眼下,季节这条大船似乎已经搁浅了。黎明和日暮仍像祖父的步履一样更替。我蛰居在一个被人称作“水边”的地域,写一部类似“圣约翰预言”的书。我想把它献给我从前的恋人。她在三十岁生日的烛光晚会上过于激动,患脑血栓,不幸逝世。从那以后,我就再也没有见过她。

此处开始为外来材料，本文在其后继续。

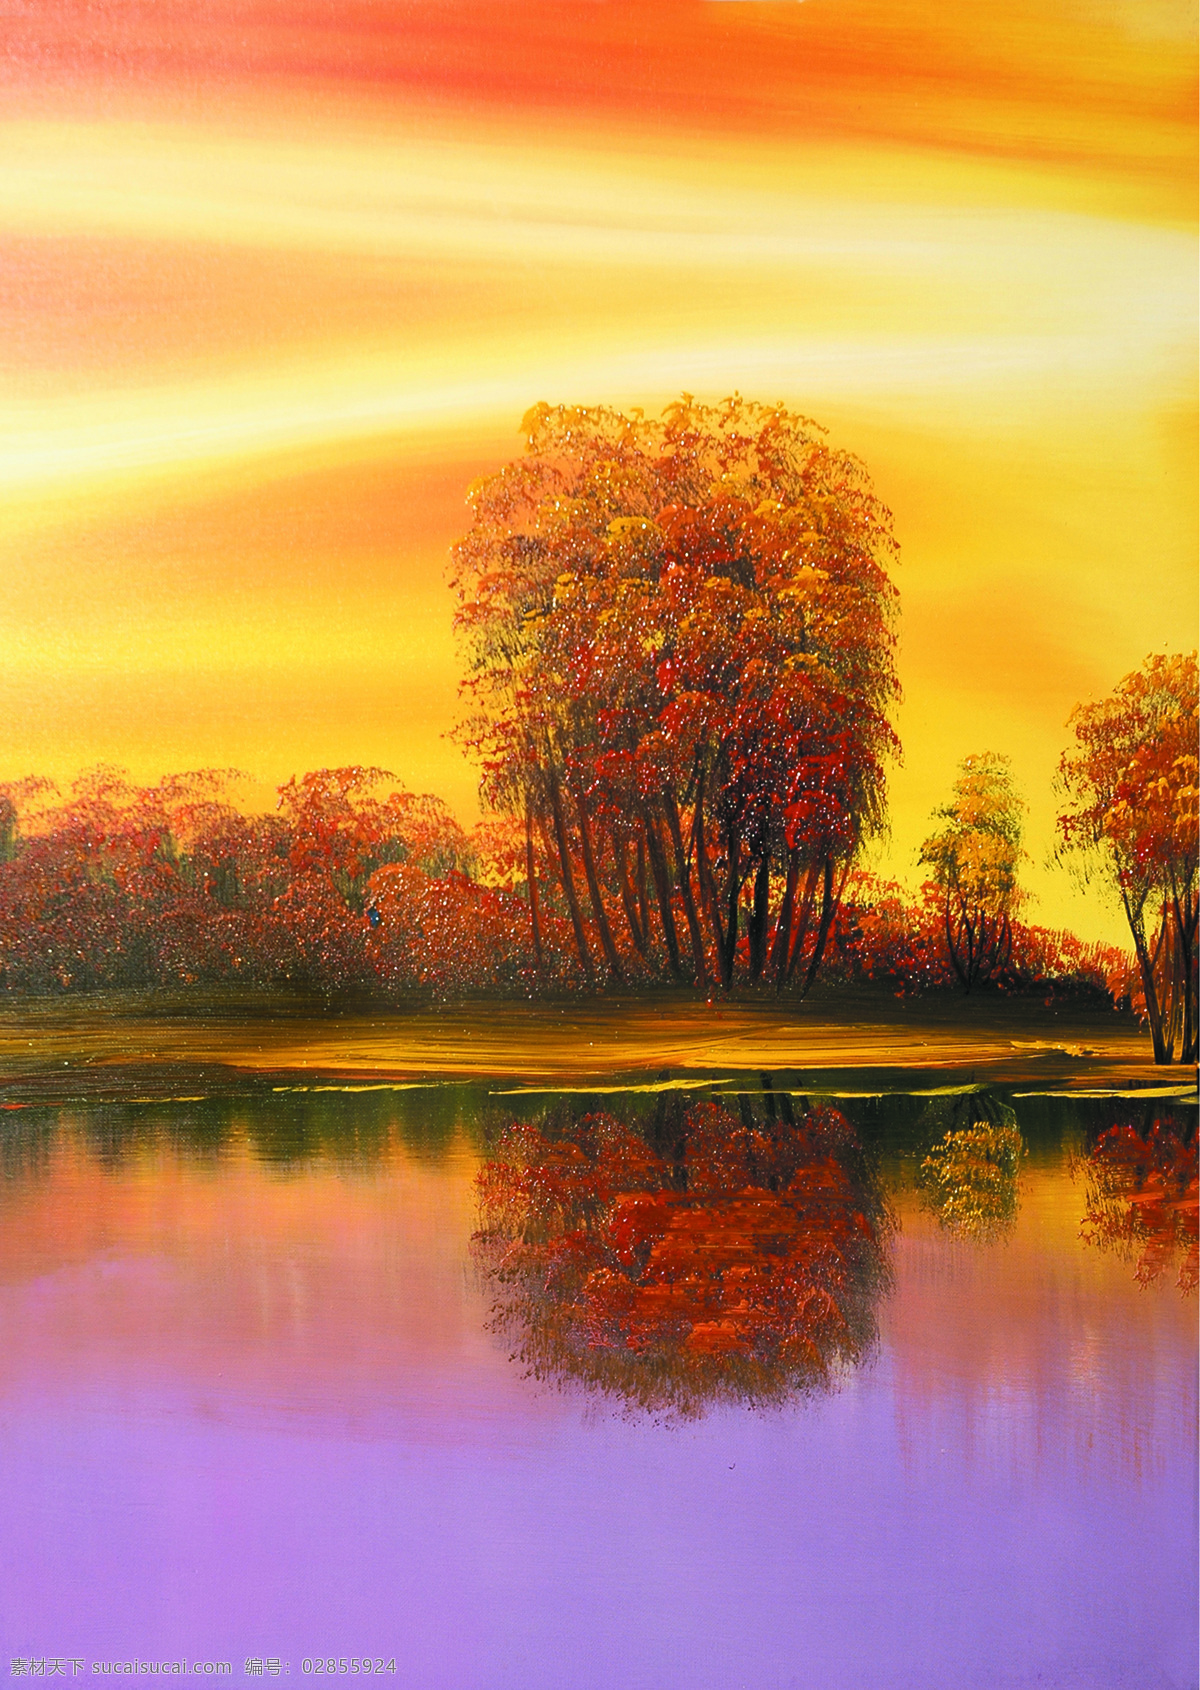 美丽 树木 湖 景 湖景 油画 绘画 艺术 写生 水墨 花草 画 水墨画 风景 其他艺术 文化艺术 黄色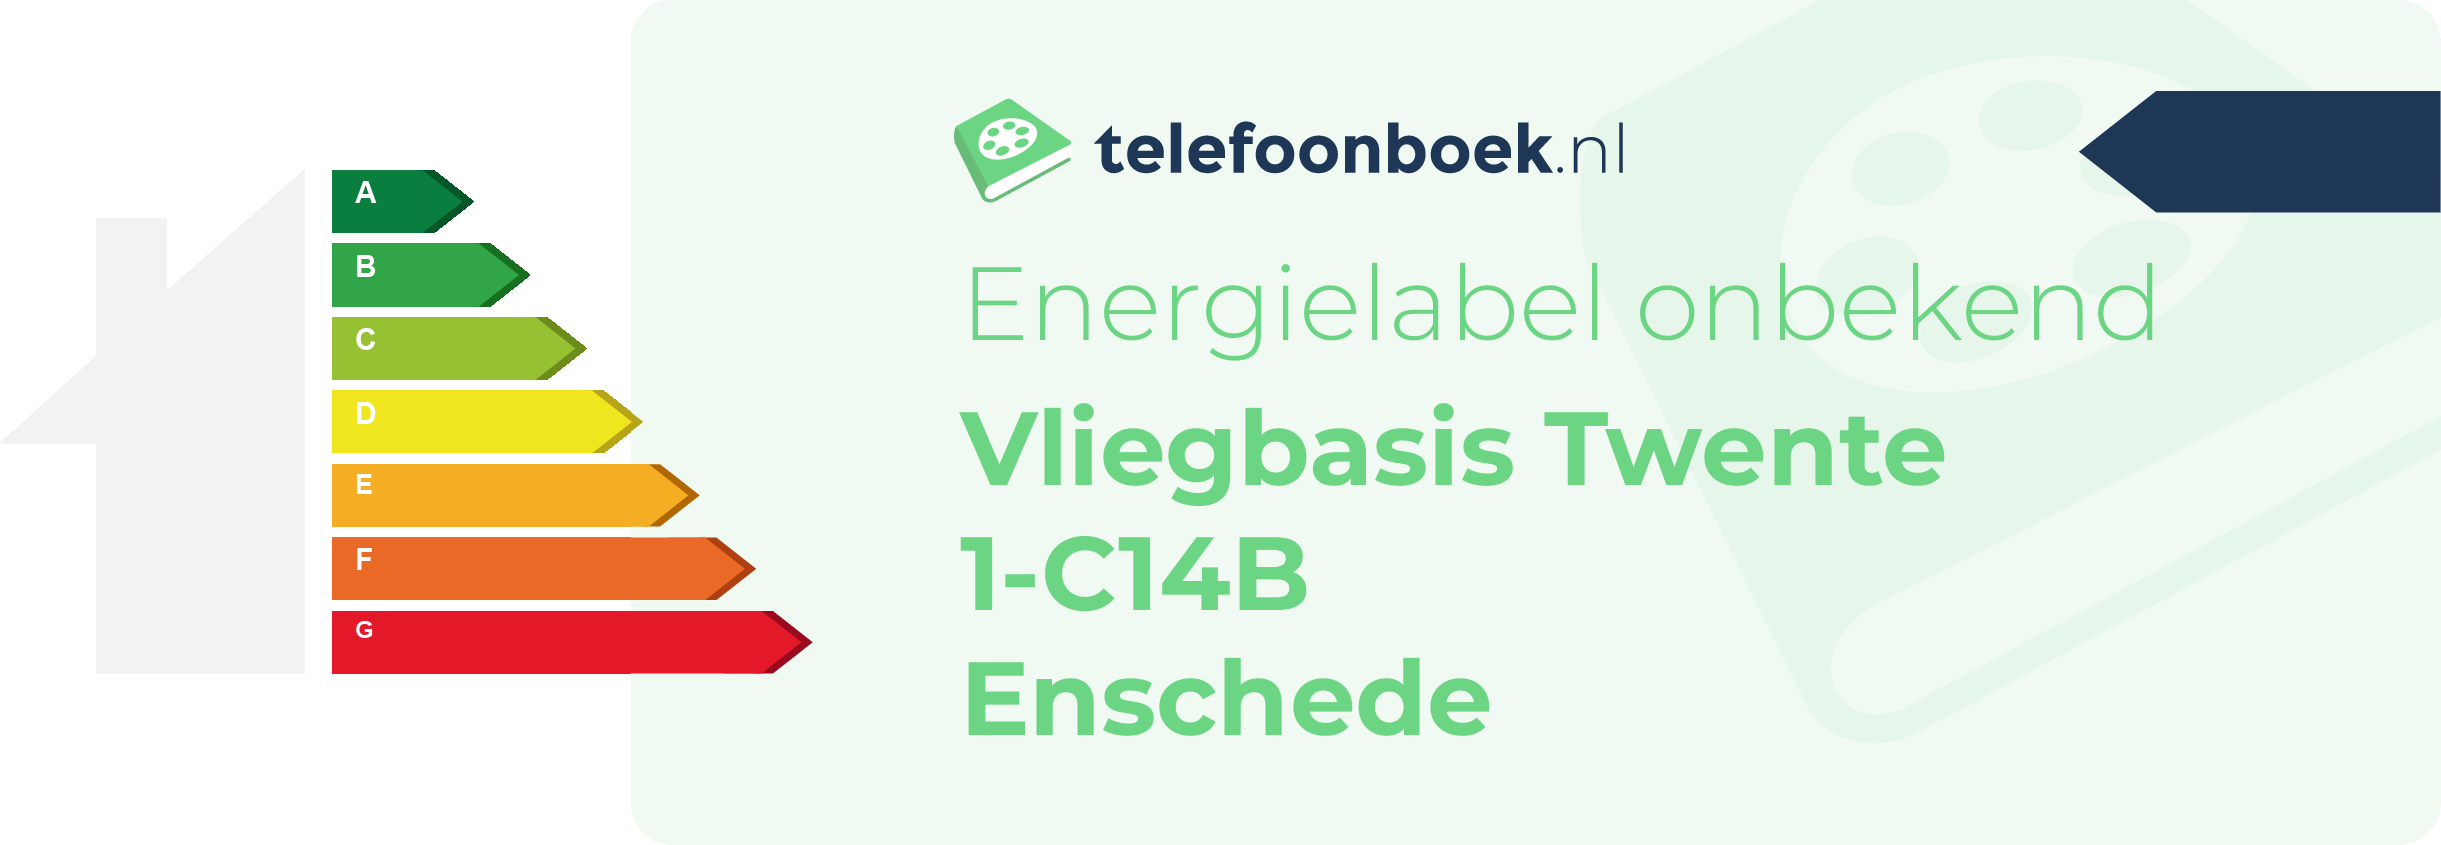 Energielabel Vliegbasis Twente 1-C14B Enschede

“水边”这一带,正像我在那本书里记述的一样,天天晴空万里,光线的能见度很好。我坐在寓所的窗口,能够清晰地看见远处水底各种颜色的鹅卵石,以及白如积雪的茅穗上甲壳状或蛾状微生物爬行的姿势。但是我无法分辨季节的变化。我每天都能从寓所屋顶的黑瓦上发现一层白霜。这些霜在中午温暖的太阳光渐渐增强了它的热度时,才化成水从屋檐滴落。这个地带从未下过一场雨。另外,在漆黑如鸦的深夜我还能观察到一些奇异的天象,诸如流星做匀速圆周运动,月亮成为不规则的樱桃形,等等。我想如果不是我的记忆出现了梗阻,那一定是时间出了毛病。幸好,每天都有一些褐色的候鸟从水边的上空飞过,我能够根据这些褐色的鸟飞动的方向(往南或往北),隐约猜测时序的嬗递。就像我记忆中某个医生曾声称“血是受伤的符号”一样,我以为,候鸟则是季节的符号。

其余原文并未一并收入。